Co rok, w trzeci poniedziałek stycznia, Amerykanie świętują urodziny Martina Luthera Kinga. Właśnie jemu czarnoskórzy mieszkańcy USA zawdzięczają równouprawnienie. Martin Luther King urodził się 15 stycznia 1929 roku w Atlancie w stanie Georgia, gdzie jedynym publicznym miejscem, w którym można było spotkać białych i czarnych Amerykanów były dworce kolejowe i autobusowe.

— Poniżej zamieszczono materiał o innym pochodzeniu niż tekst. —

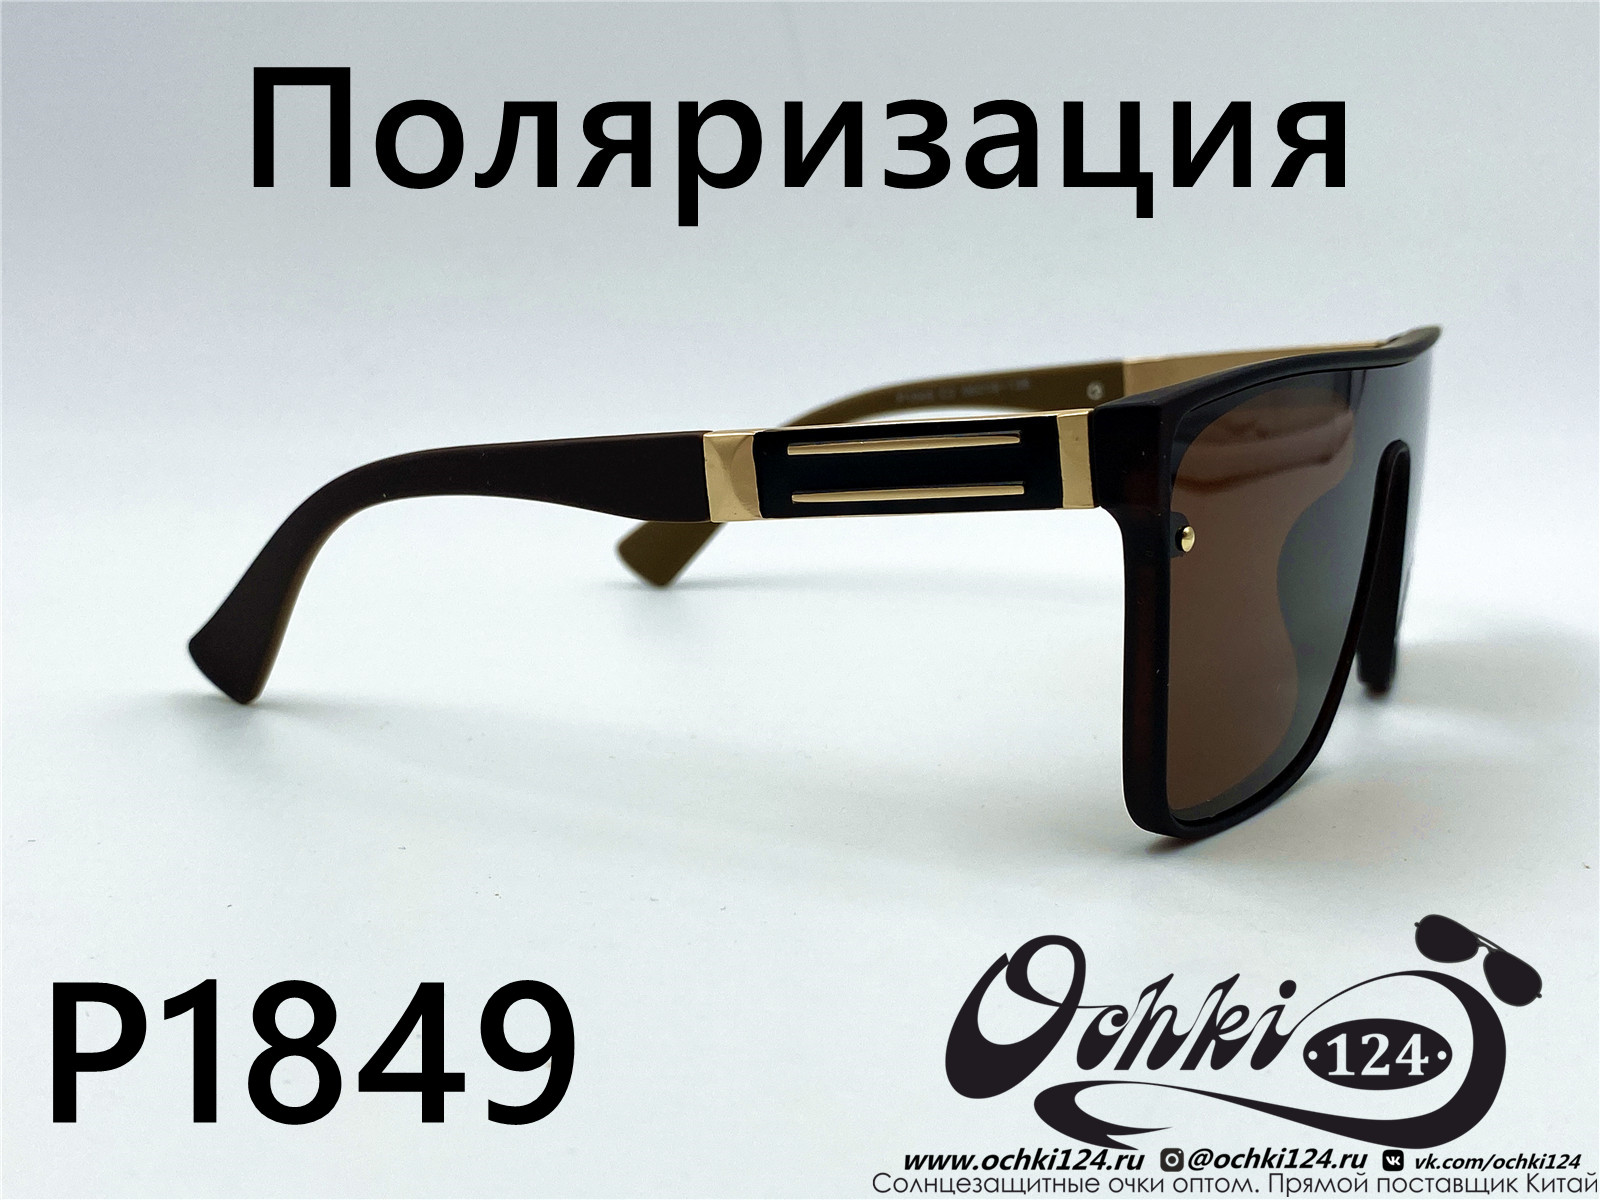  Солнцезащитные очки картинка 2022 Мужские Поляризованные Квадратные Matlrxs P1849-2

King wzorował się na działalności hinduskiego bojownika o wolność, Mahatmy Gandhiego, który wzywał do walki bez używania przemocy. Wielokrotnie siedział w więzieniu. W 1960 roku, za Kingiem ujął się kandydat na prezydenta John Fitzgerald Kennedy. Historycy twierdzą, że dzięki temu, Kennedy zyskał głosy czarnych Amerykanów w wielkich stanów północnych. 28 sierpnia 1963 roku, ponad dwieście tysięcy czarnych i 50 tysięcy białych Amerykanów przemaszerowało pod pomnik Abrahama Lincolna domagając się równych praw. Martin Luther King wygłosił słynne przemówienie: „Miałem sen, że pewnego dnia, na ociekających krwią wzgórzach Georgii, synowie byłych niewolników i synowie byłych właścicieli niewolników będą mogli usiąść razem za stołem braterstwa. Miałem sen, że pewnego dnia nawet stan Missisipi, stan palący żarem niesprawiedliwości, palący żarem ucisku, zamieni się w oazę wolności i sprawiedliwości. Miałem taki sen”. Pięć lat później, 4 stycznia 1968 roku, Martina Luthera Kinga trafiła kula snajpera. Pastor miał 39 lat. Zginął na balkonie hotelu w Memphis. Zabójca, James Earl Ray został aresztowany w Londynie i skazany na 99 lat więzienia.